He nods and pulls my lips to his, kissing me deeply as his arms slip around my back. After a bit, he nibbles my neck, then my ear, and the warmth escalates into something urgent enough to make me squirm in discomfort. That’s the way I am. I go a day or a week or a month without being aware of my body, and then suddenly it’s there, making me uncomfortably aware of its needs. But my need runs much deeper than flesh. For the past year, I’ve lived with a growing emptiness that has threatened to swallow me whole.
“You have something?” I whisper.
“In the dresser.”
I slide off him and move to the dresser.
“Top drawer.”
When I get back to the bed, I stand looking down at him. He watches me with wide eyes, waiting to see what I’ll do. The base of my skull is still throbbing, but not so badly now. I’d give a lot to have my shoulders rubbed, but he’s in no shape to do that for me. Given what his doctor told us, he’s not in shape to do anything I have in mind. But I suspect he feels differently.
“You okay?” he asks.
I smile at him and begin unbuttoning my blouse.

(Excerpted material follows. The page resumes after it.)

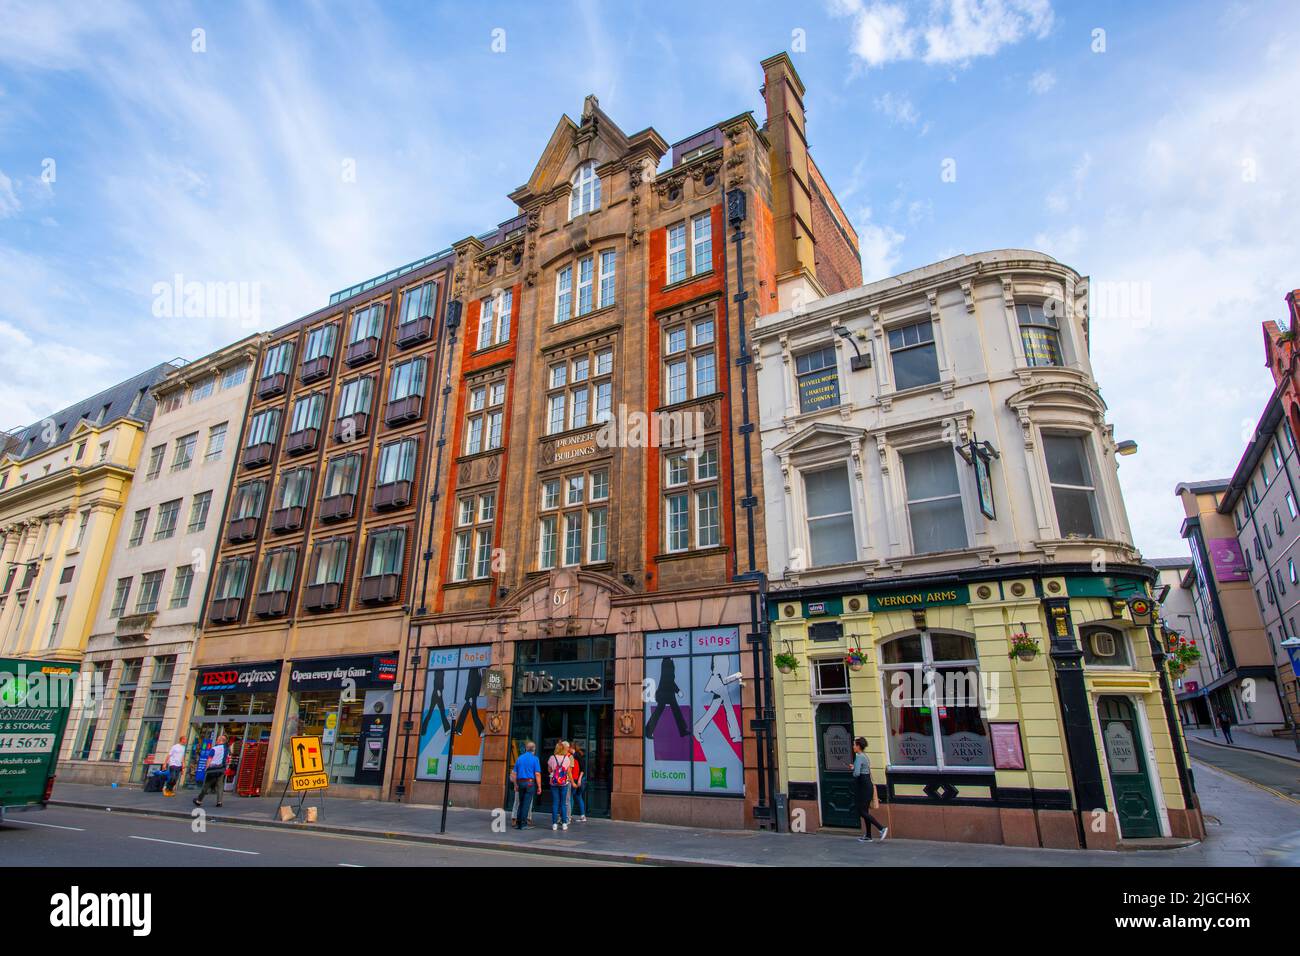 Pioneer Building at 67 Dale Street in city center of Liverpool, Merseyside, UK. Liverpool Maritime Mercantile City is a UNESCO World Heritage Site. Stock Photo

The bra I put on this morning is sealed in an evidence bag in the belly of a plane on its way to Washington, and the agent who lent me a change of clothes didn’t have an extra bra in her trunk. When the blouse slips off my shoulders, John’s breath goes shallow.
I slide off my jeans and panties, then climb back to the spot I was in before. As he looks up at me, I see the pulse beating at the base of his throat. I touch his lips with my finger.
“Five minutes ago I felt as low as I ever have. I thought we were going to come in here and have violent sex that would exorcize our demons just long enough to let us sleep. But that’s not what this is.”
He nods. “I know.”
“You make me happy, John.”
“I’m glad. You make me happy too.”
“God, we’re a bad movie.”
He laughs. “The real thing always sounds like a bad movie.” He reaches up and touches my cheek. “I know you’re torn to pieces inside, especially after seeing that picture. I don’t-”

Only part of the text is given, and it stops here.